Ong Bak (2003)
I asked Movies, Films and Flix contributor John Leavengood to write-up a review for the Ong Bak trilogy. It pretty much goes the same way as The Matrix and Pirates of the Caribbean trilogies. First one is great, Second is ok (if you fast forward through story), Third is soul crushing.
Enjoy the review and stay tuned for parts two and three in a couple of days.
PLEASE WATCH THE CLIP JOHN INCLUDED. CRAZY AWESOME AND FUN STUFF!
Ong-Bak (2003)
By John Leavengood
MY CALL: When a martial arts move does not deliver something totally new to your eyes, then you wasted your time and money and were a victim of an over-hyped trailer. In a world where some of us grow tired of the same old kick flicks Ong-Bak is the fleck of gold you pray to find amid weather-worn pebbles and sand in your sifting pan. See this, then see The Protector, which I think is better. [A-]
IF YOU LIKE THIS, WATCH: The Protector (2005), Chocolate (2008) (which I reviewed), District B-13
This is the movie that unleashed Tony Jaa upon the world as a star rather than a stunt man. In clothes Jaa may look like a 15-year old school boy. But he fights like a rabid Outbreak monkey and tumbles like a Soviet gymnast as he displays his utterly savage mastery of elbow blunt force trauma to the head. Jaa seems little different from his Hong Kong kung fu counterparts with a name (which is sometimes silly) for every technique. He plays a young lad named Ting, who was recently awarded some sort of village defender title as a result of covering himself with mud, racing other villagers up a tree in a capture-the-flag race, and pushing a few guys thirty feet to the ground like some teen bully who went to school with The Situation and Pauly D in Jersey.
We know we have a movie when some bad guy steals the head of Ong-Bak (a Buddha statue).

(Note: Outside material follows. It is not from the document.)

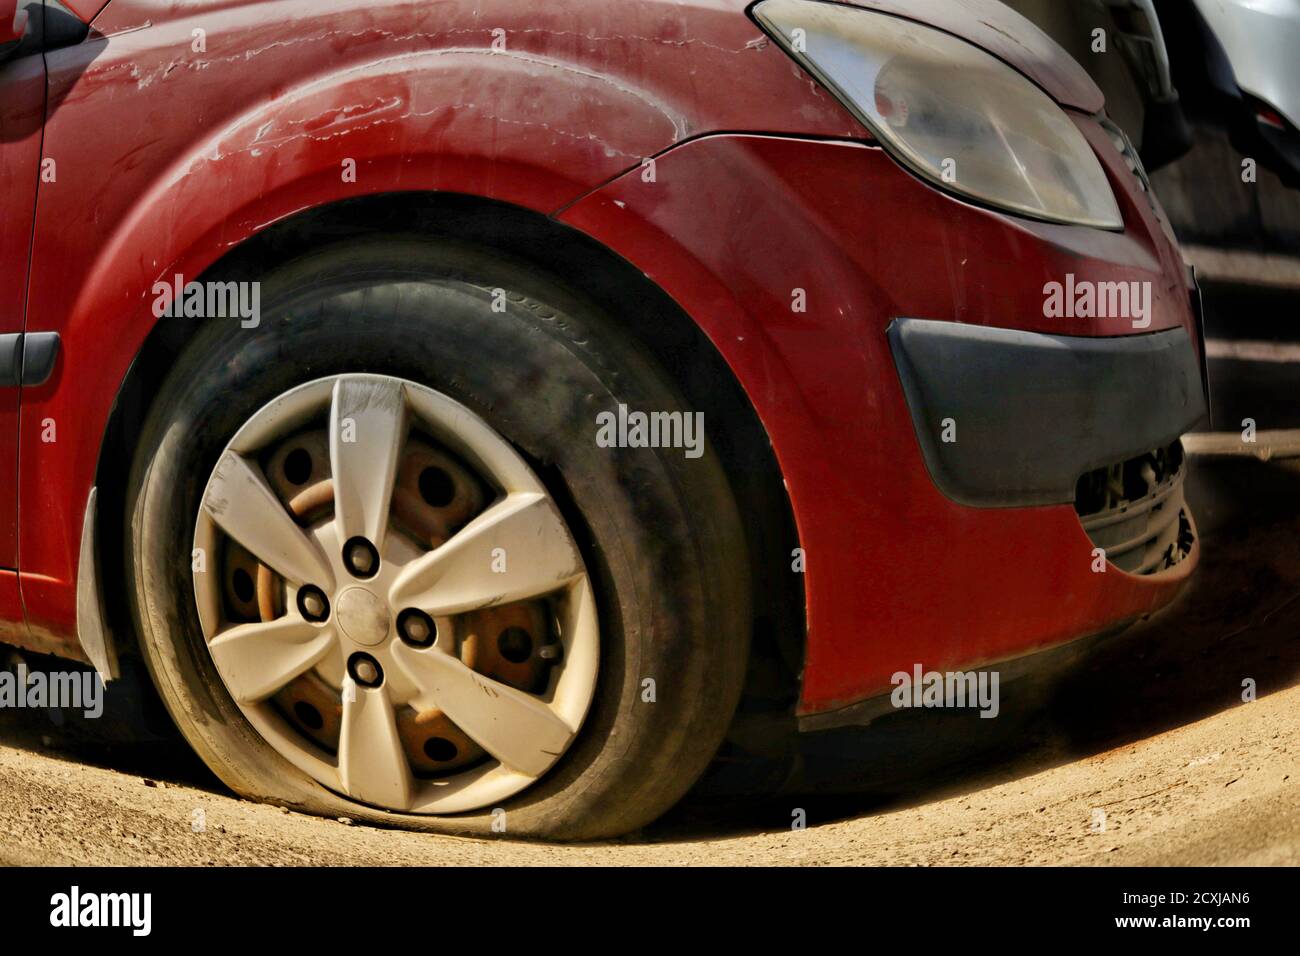 Vista di uno pneumatico della vettura forato. Il trie sgonfio è un problema comune con i veicoli e potrebbe causare incidenti Foto Stock

Ting volunteers to recover the stolen head armed with his muay thai skills, a vial of stale herbs and a crumbled up sandwich bag of cash (which is demonstrably the combined wealth of the entire village, whose poverty was way oversold). Ting starts by locating his city-convert cousin, Humlae, who makes a living as a small-time crook. Humlae quickly steals Ting’s “save Ong-Bak” cash stash and runs off to make some bets at the local fight club. Followed by Ting, Humlae wastes no time fooling Ting into the fighting ring where apparently American Spring-breakers are making bets. By the way, this fight club is owned by our resident Ong-Bak-head-stealing bad guy, a wheelchair-bound geriatric with an electronic voicebox who smokes through a stoma hole. Classic!

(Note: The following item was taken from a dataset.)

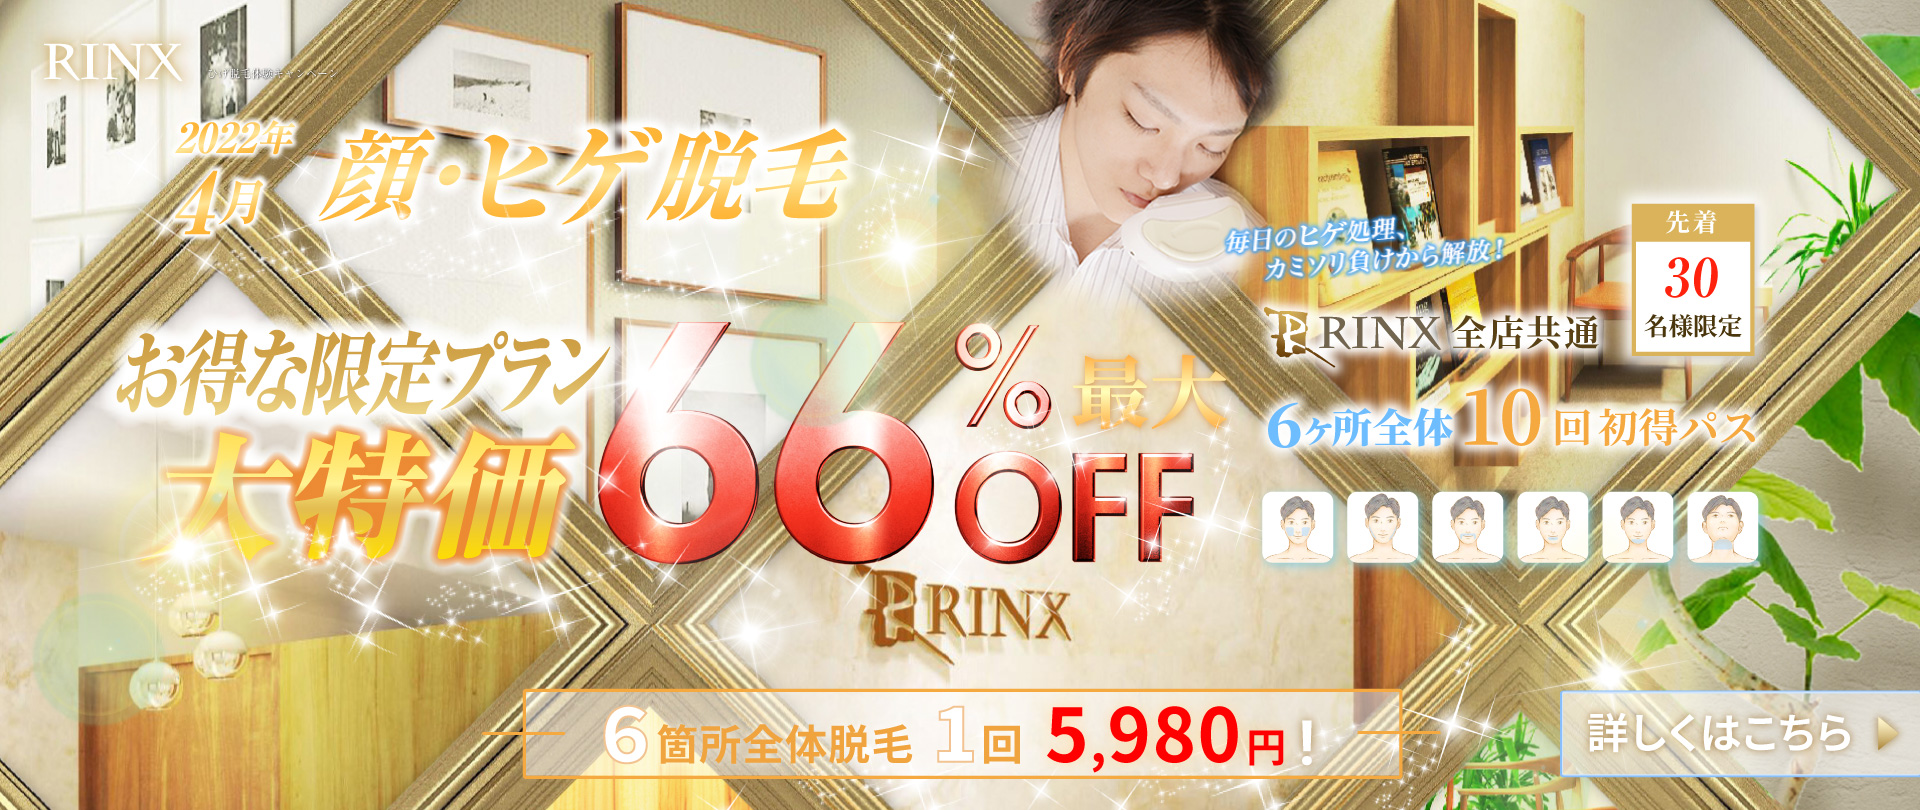 RINX 銀座有楽町店の画像

The movie takes a while to build momentum, but when some loan-sharks come looking for Humlae things get really fun with a chase scene in the city. After an impressive array of very creative hurdles over and through various moving obstacles, Ting further wows us with yet more jaw-dropping acrobatics. I’ve seen Jackie Chan do a couple of serious stunts over the course of a whole movie. But Jaa matches Jackie’s whole movie stunt quota in a few minutes during this chase. The choreographers and set designers must have worked together very hard to weave this obstacle course. For me, the “holy shit” moment struck when Jaa did an aerial cart-wheel between two panes of glass. Contrary to Chan, we see little humor. But there is one priceless moment that I don’t want to over-explain, so I’ll just give you three words: “Knives for sale.” Good timing and brutal irony give this single grinning clip of the movie a solid Bugs Bunny/Road Runner flair.
(Ong-Bak chase scene clip)
Jaa’s level of integration of free-running and acrobatics with martial arts is rare and, frankly, he makes it look effortless. Stunts that I’ve never seen before are in no shortage in this movie. (I’m saying that after watching Jackie Chan movies for more than twenty years!) Like a good martial arts movie, it’s all about the stunts and fight scenes and we are only occasionally inconvenienced with the reminder of Ting’s duty to recover the Ong-Bak head.
The major fighting action takes place back at the fight club where we meet combatants with goofy names like Ali, Big Bear, and an ex-boybander who looks like Howie (seriously) from the Backstreet Boys. The boybander is named Mad Dog for his predisposition for getting “smashy” with random, improvised weapons. Here we see the bulk of the combat choreography, which is more brutal than carefully planned. Rather than having long technique exchanges with elaborate striking, blocking and counterstriking, we instead see more abrupt, painful execution of elbows and knees to the head and chest. Then flying knees to the chest and double elbows drilling down on the skull.
The third act (acts one and two being the chase and fight club, respectively) takes place at a cave lair of sorts where Jaa showcases his ability to perform tandem targeted 540’s, a couple of 720’s, and some 540 and 720 horizontal corkscrew-flair check-kicks. When you’re watching the last 20 minutes of the movie and see a whole lot of acrobatic movies you can’t name, that’s what those are.
Tony Jaa is the greatest gift that martial arts has given us in a long time. Watch this movie!